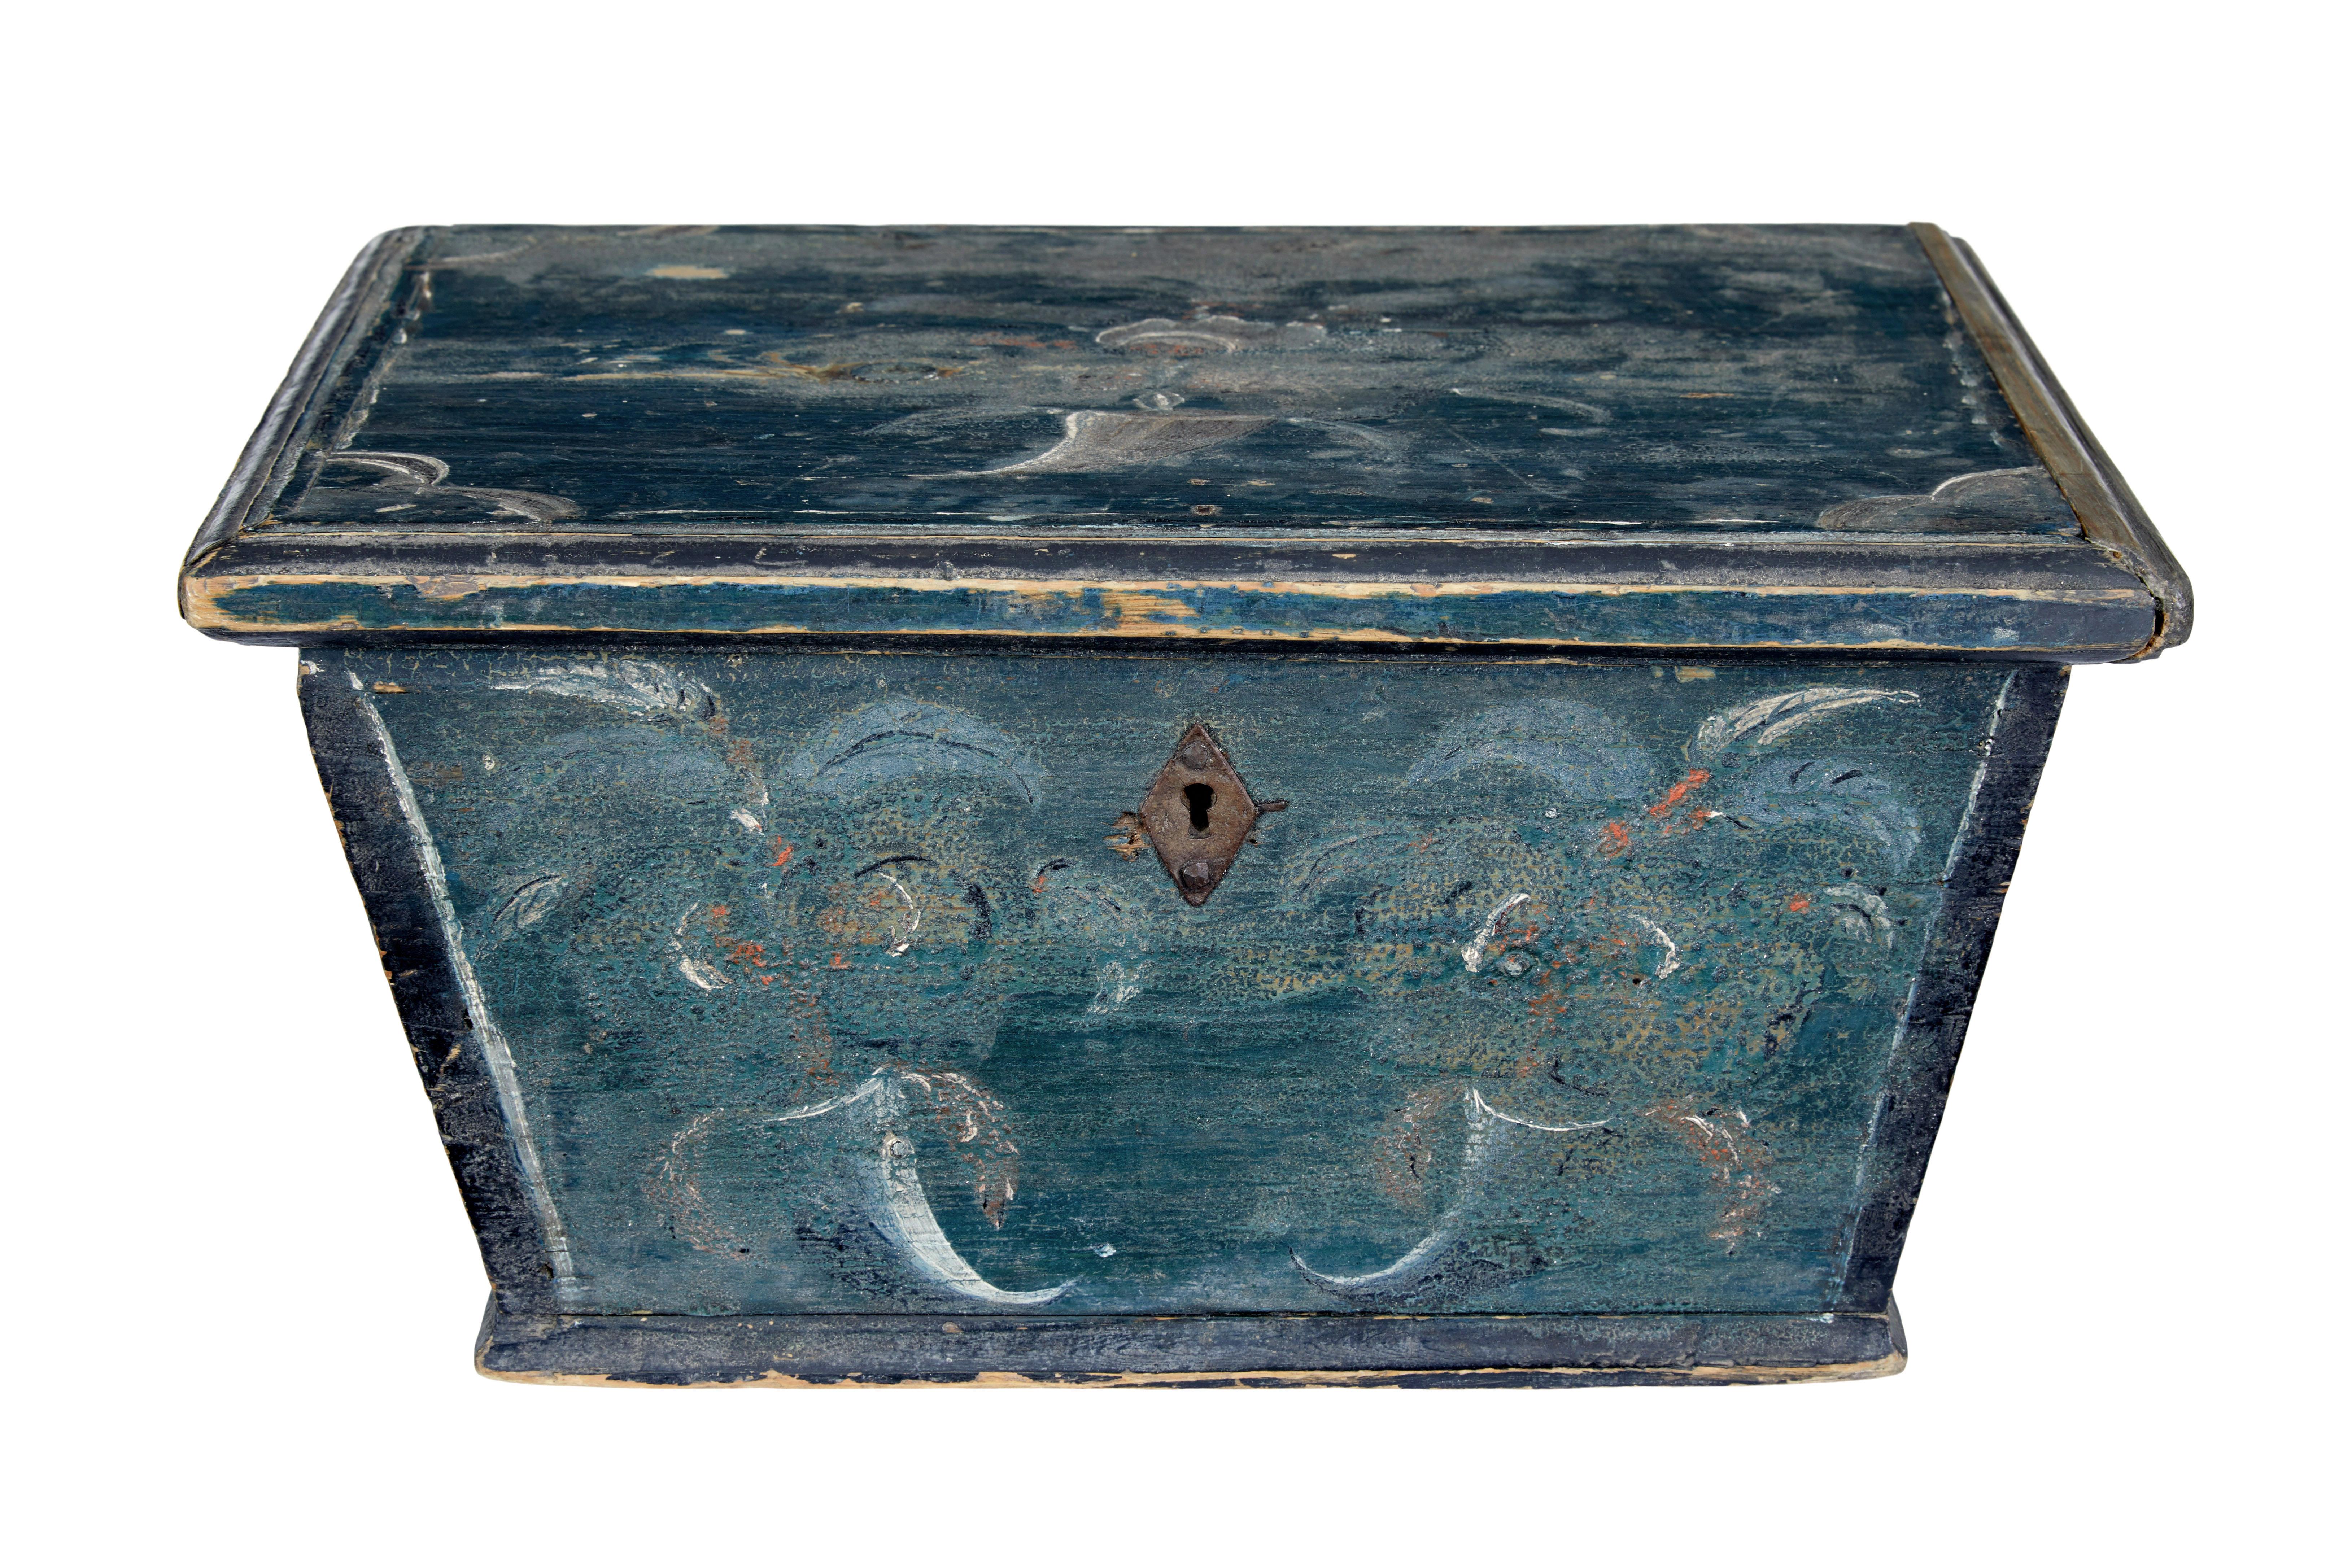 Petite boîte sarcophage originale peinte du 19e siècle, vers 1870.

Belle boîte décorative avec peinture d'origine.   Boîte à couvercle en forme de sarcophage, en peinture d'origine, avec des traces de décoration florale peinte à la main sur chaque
...
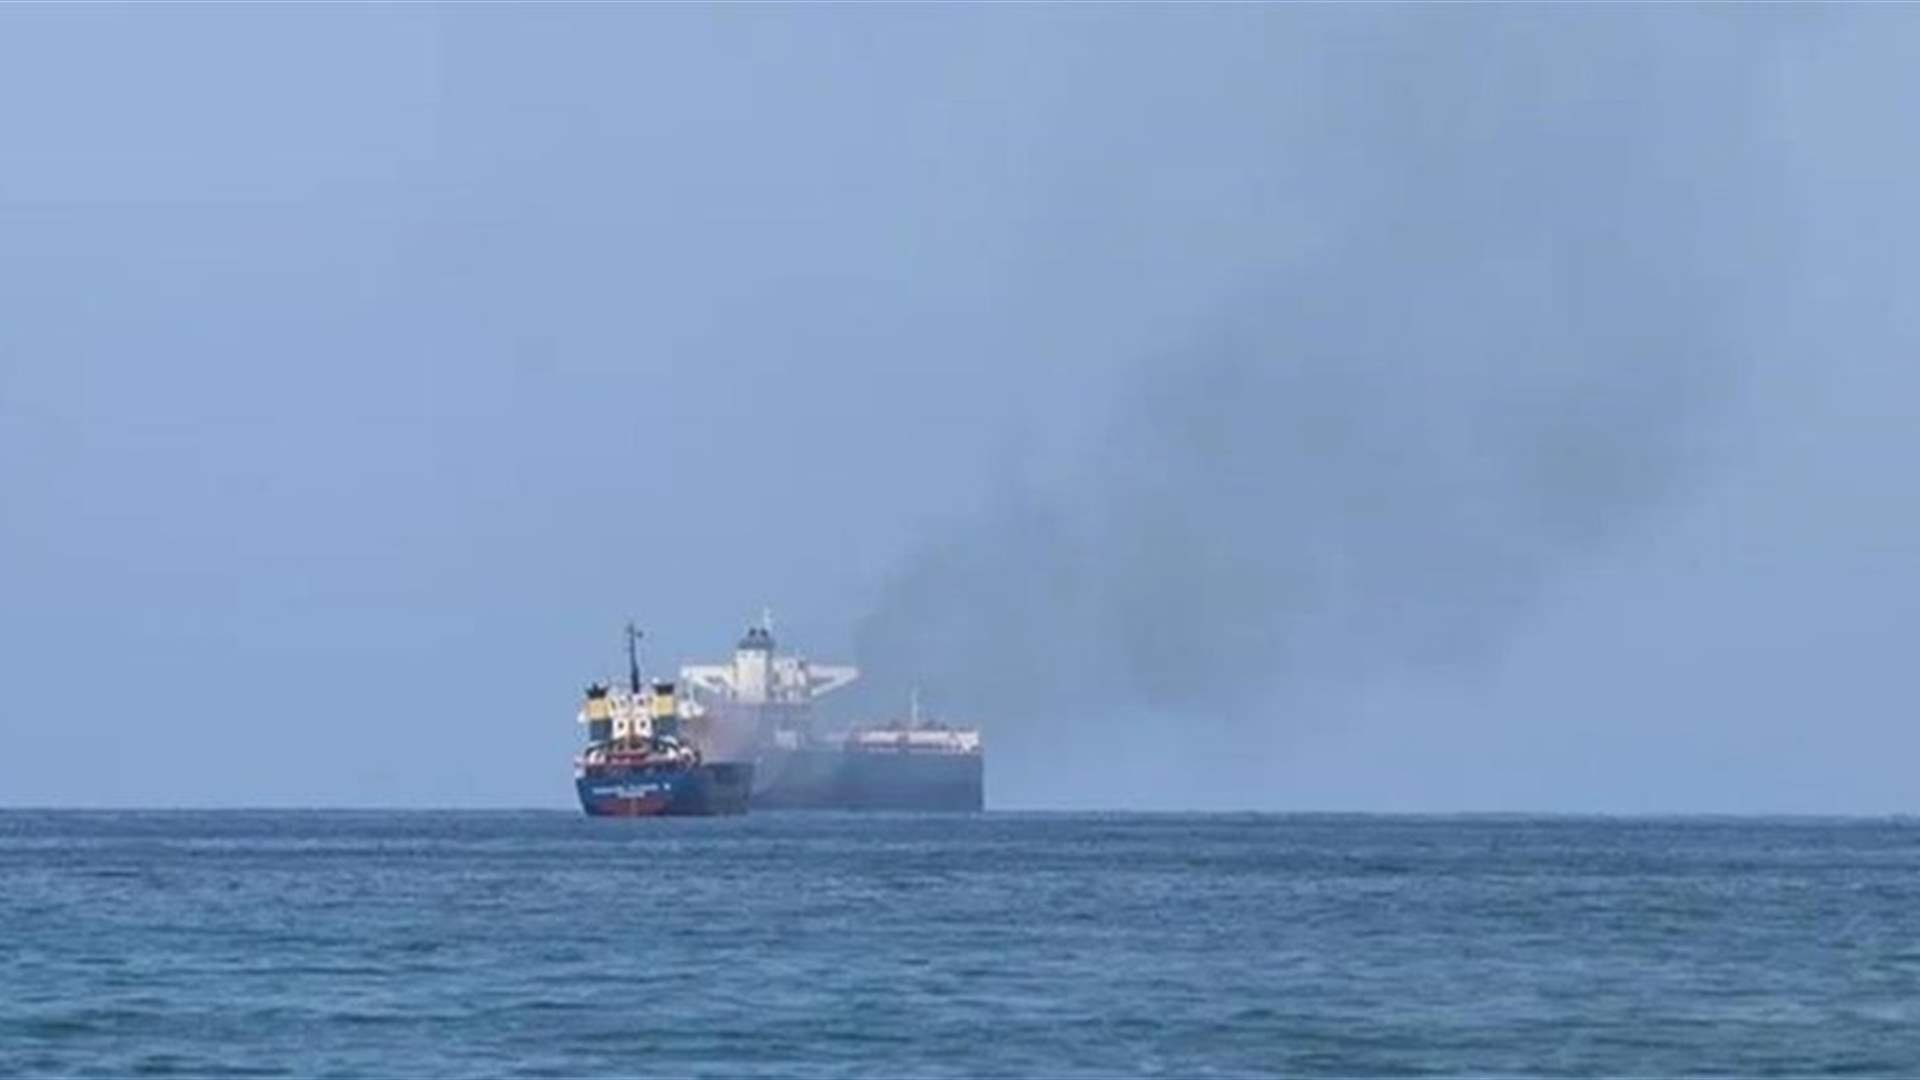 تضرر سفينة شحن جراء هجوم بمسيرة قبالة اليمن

AIM OF THE EXERCISE -
The output is the stretch above from the line with "Petite boîte sarcophage" through the line with "Belle boîte décorative", copied word for word with both ends kept and every picture dropped.

REPLY -
 Petite boîte sarcophage originale peinte du 19e siècle, vers 1870.

Belle boîte décorative avec peinture d'origine.   Boîte à couvercle en forme de sarcophage, en peinture d'origine, avec des traces de décoration florale peinte à la main sur chaque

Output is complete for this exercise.